[Opening Input material section]
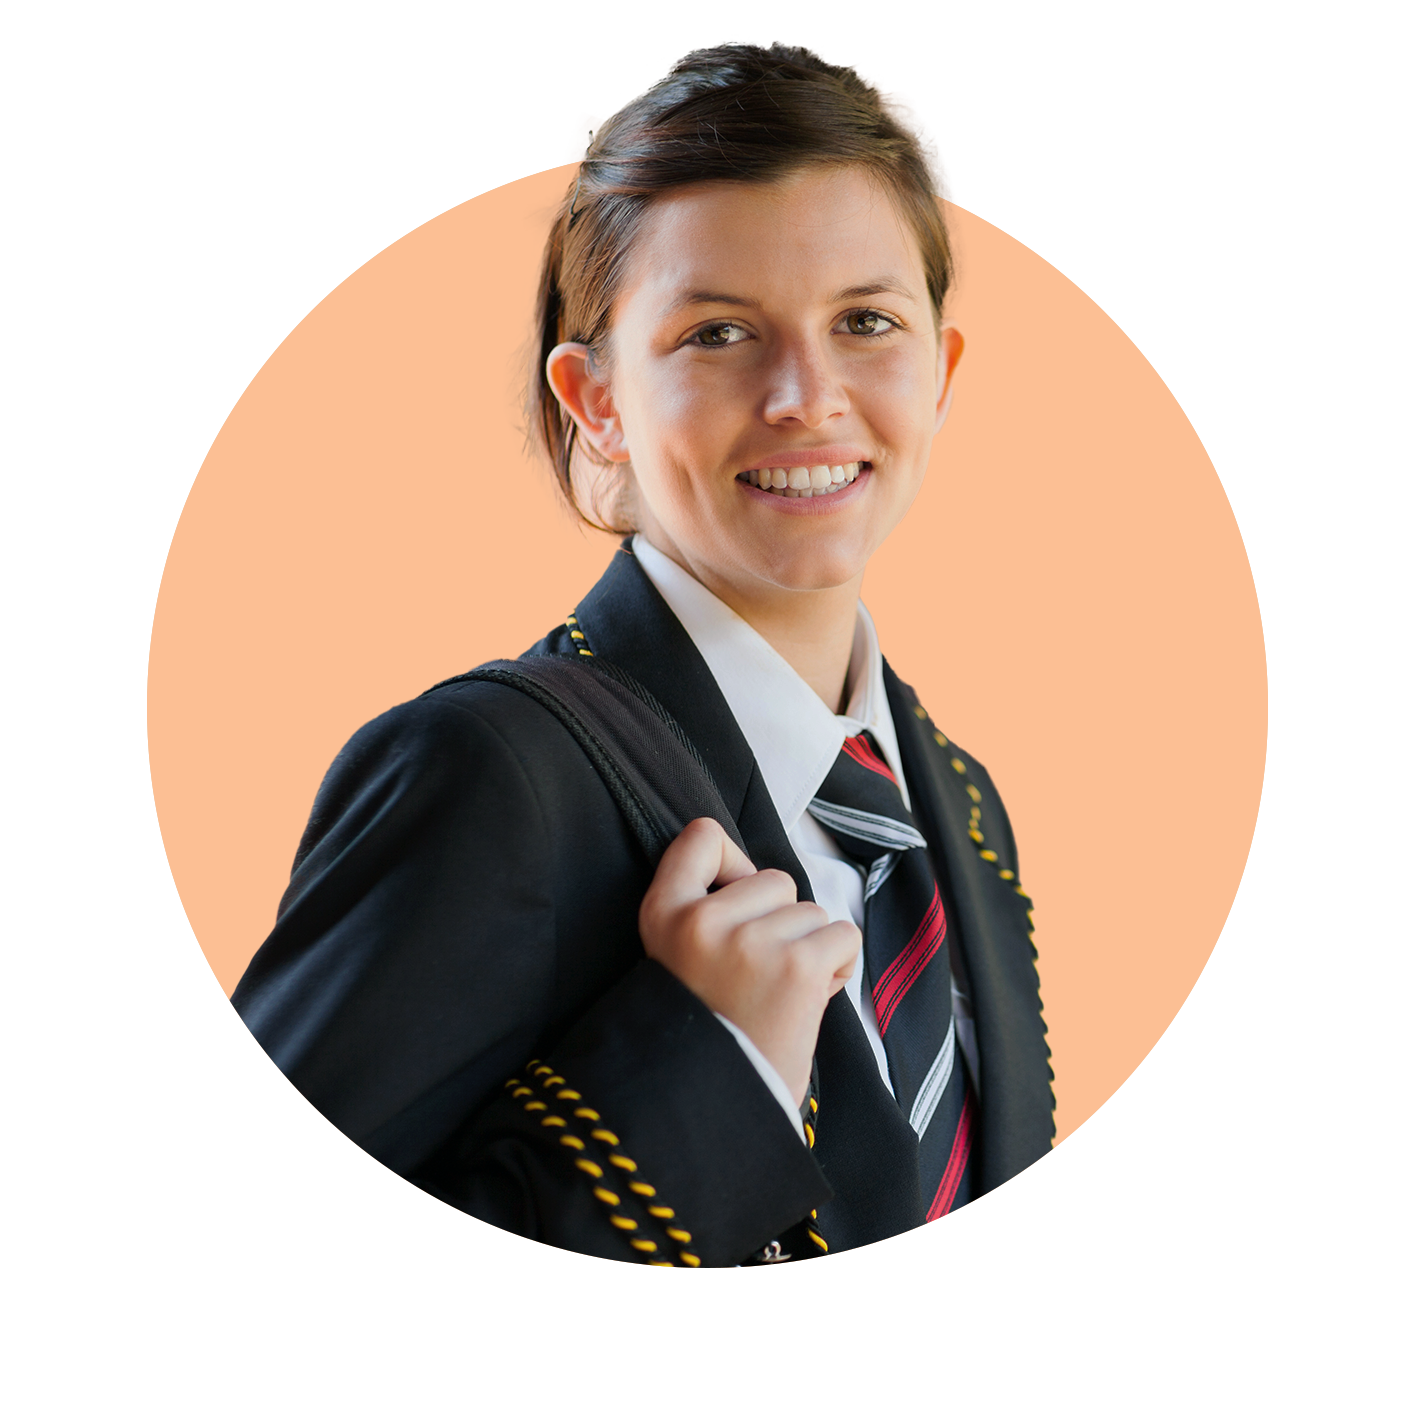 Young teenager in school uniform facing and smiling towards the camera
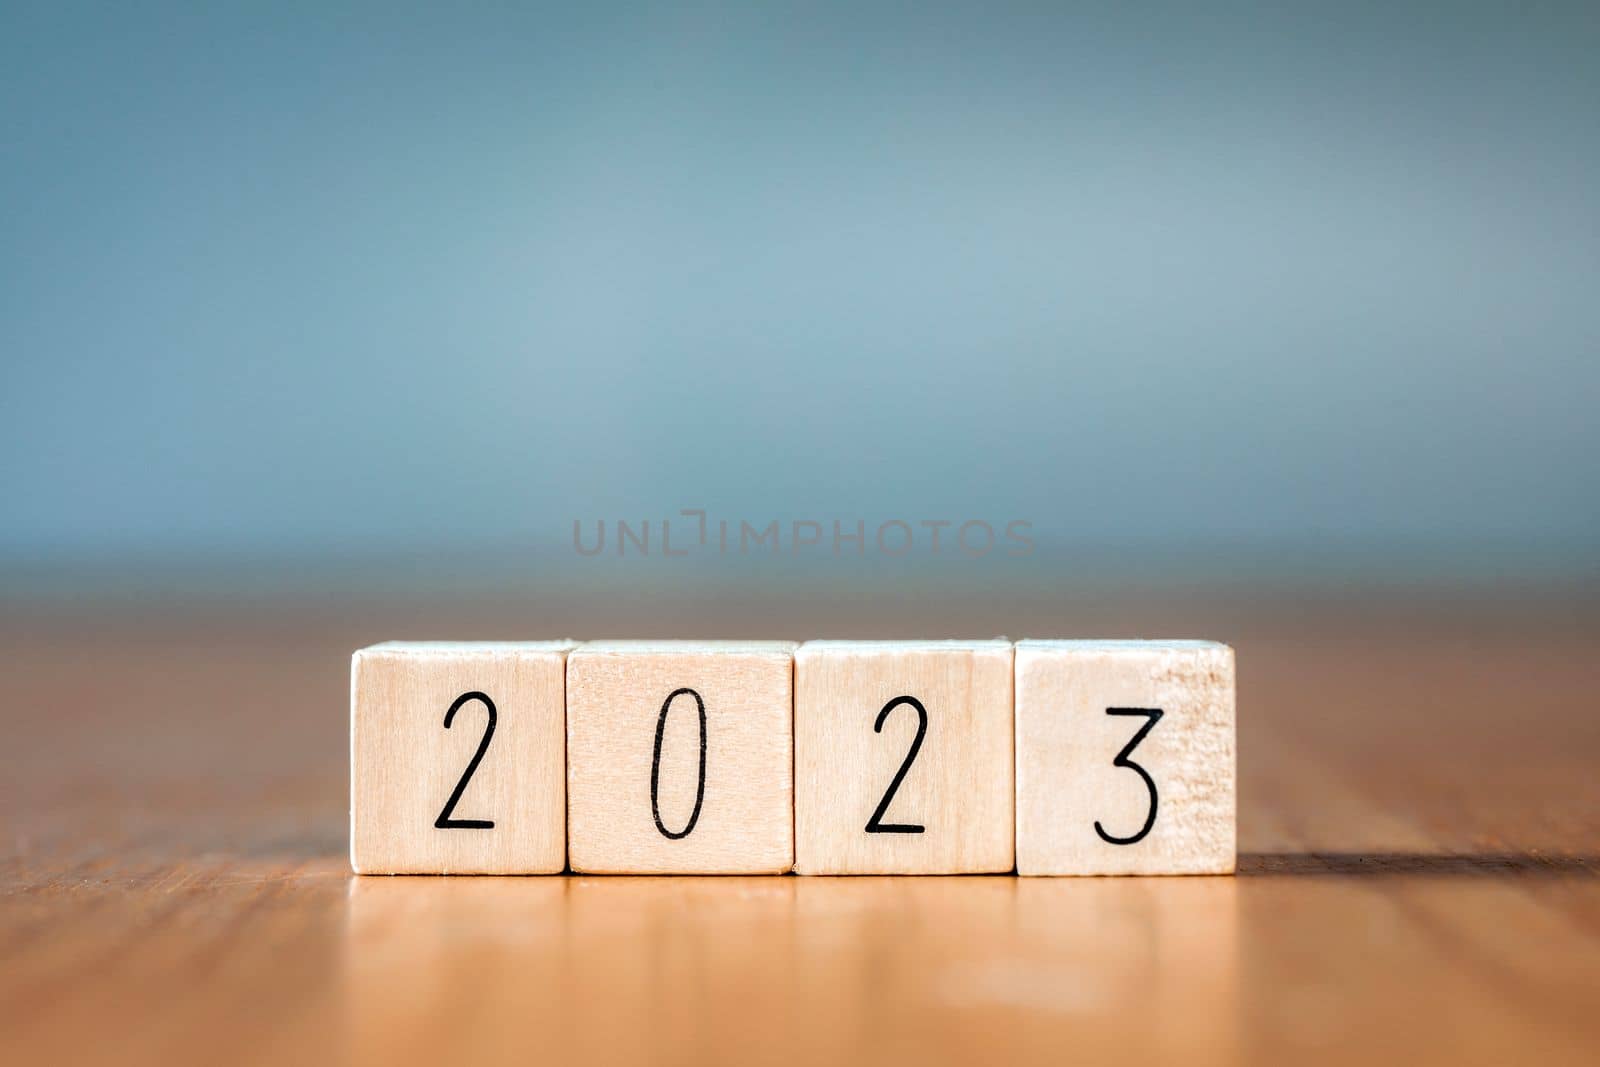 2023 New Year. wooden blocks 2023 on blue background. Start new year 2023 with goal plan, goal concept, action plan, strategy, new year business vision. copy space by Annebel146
[Closing Input material section]
[Opening Input material section]
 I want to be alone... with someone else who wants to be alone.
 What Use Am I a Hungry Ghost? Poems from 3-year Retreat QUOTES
[Closing Input material section]
**What you are asked to do:** Return exactly the part of the listing above that opens with the line containing "Young teenager in" and closes with the line containing "2023 New Year.". Pictures stay out.

**Problem solution:**
 Young teenager in school uniform facing and smiling towards the camera
 2023 New Year. wooden blocks 2023 on blue background. Start new year 2023 with goal plan, goal concept, action plan, strategy, new year business vision. copy space by Annebel146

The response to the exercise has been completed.